# Combat Maps



## Talysian (Jun 7, 2009)

I just noticed that the map download for WOTBS #1 is missing several encounters has anyone done these up yet? I believe I have them resized right but I can't figure out how to snap a grid on to them. Once Done I'd gladly share what i have if anyone can recommend how to snap a grid over a picture.

_Tal


----------



## Morrus (Jun 7, 2009)

I'm assuming you're looking at the downlaod for the 3.5 version, because we haven't done them for the 4E version yet!

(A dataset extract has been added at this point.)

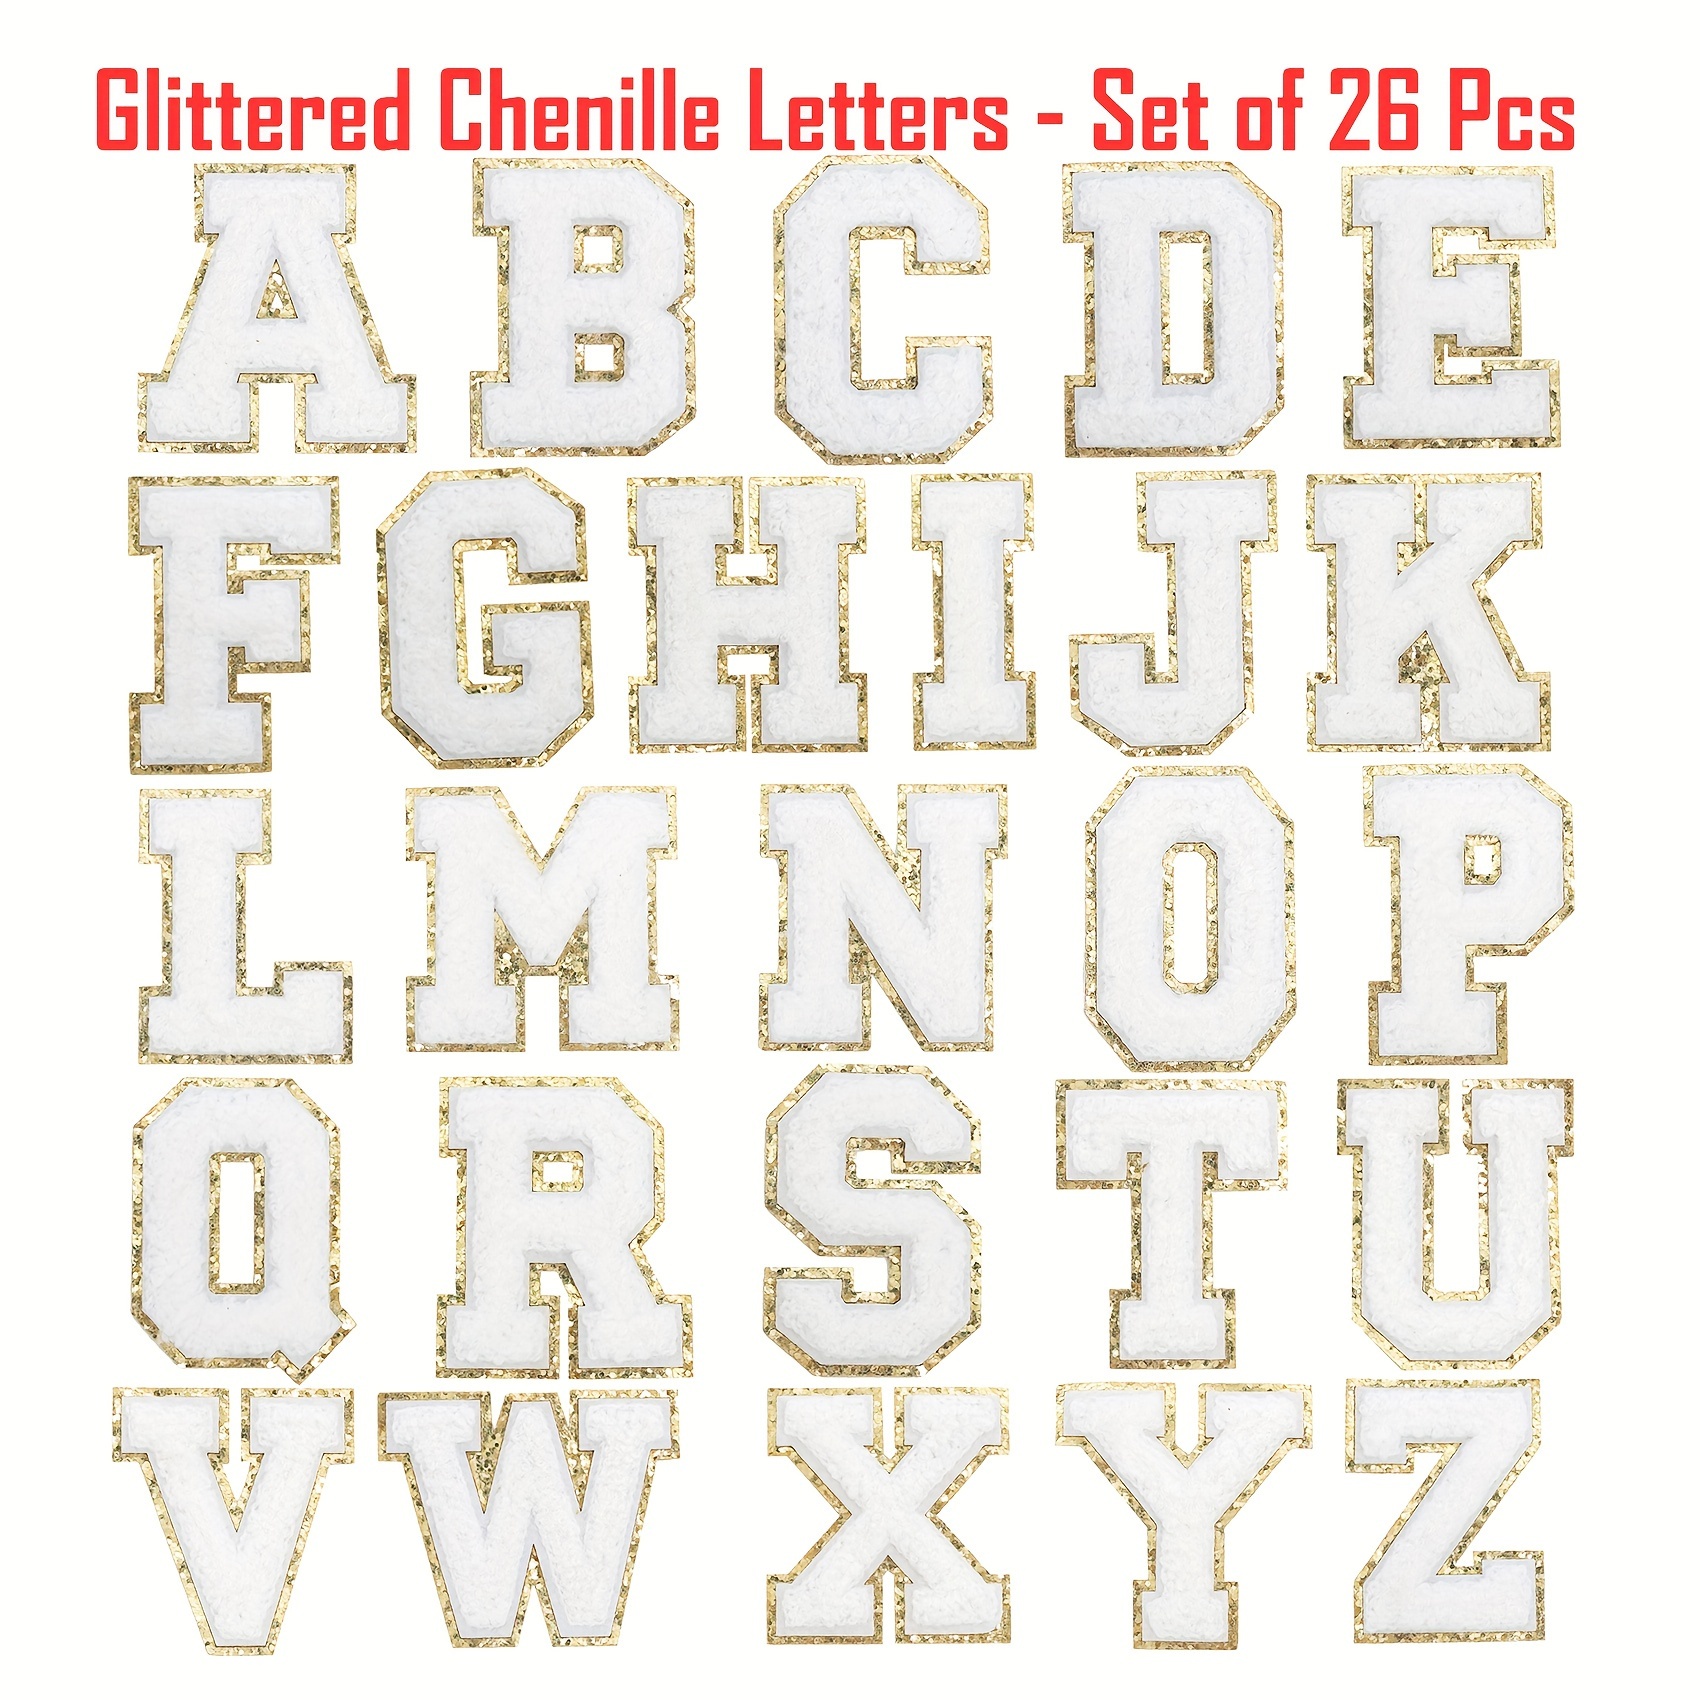 Lavender Iron On Varsity Letter Patches - Sets of 3 Letters - Large 8 cm  Chenille with Gold GlitterL

We will get them out for free for each adventure; unfortunately, one member of our team has just suffered a very serious personal tragedy, which may affect the timing of such things.


----------



## Talysian (Jun 7, 2009)

No worries Hopefully everything turns out for him. In the meantime I'll keep searching for a way to put a grid over what I've done! As always you guys are just fast on the response!


----------



## talwynor (Jun 14, 2009)

*to grid or not to grid*

Actually, I'm looking for just the opoosite.  In the spirit of "it cant hurt to ask", is it possible to get the encounter maps without a grid (not instead of, but in addition to)?  They dont have to be 1" scale. I, along with quite a few others it seems, am running the campaign online.  With many of the vtt's the battlemaps have grids snapped on by the programs we use.  Unfortunately, the grids never align with the maps themselves and leads to confusion for placement.  If it was the case that the gridless maps are available with the developers and could be posted in a zip file, that would be a dream!

Any chance?


----------



## Gorok (Jun 14, 2009)

talwynor said:


> Actually, I'm looking for just the opoosite.  In the spirit of "it cant hurt to ask", is it possible to get the encounter maps without a grid (not instead of, but in addition to)?  They dont have to be 1" scale. I, along with quite a few others it seems, am running the campaign online.  With many of the vtt's the battlemaps have grids snapped on by the programs we use.  Unfortunately, the grids never align with the maps themselves and leads to confusion for placement.  If it was the case that the gridless maps are available with the developers and could be posted in a zip file, that would be a dream!
> 
> Any chance?




I second that request...please?


----------



## Zinovia (Jun 14, 2009)

I'd love to request these as well, if it's possible.  My group uses hex grids, just to be difficult.  (actually, I really prefer them, and we have our big Chessex mat back from our Rolemaster days).  For more complex encounters, I have been making battle maps with Illustrator and overlying a hex grid, but it's really hard to remove the square grid from an existing map.  Most of the time I just draw things on the mat, forsaking the pretty pictures.  

Thanks!


----------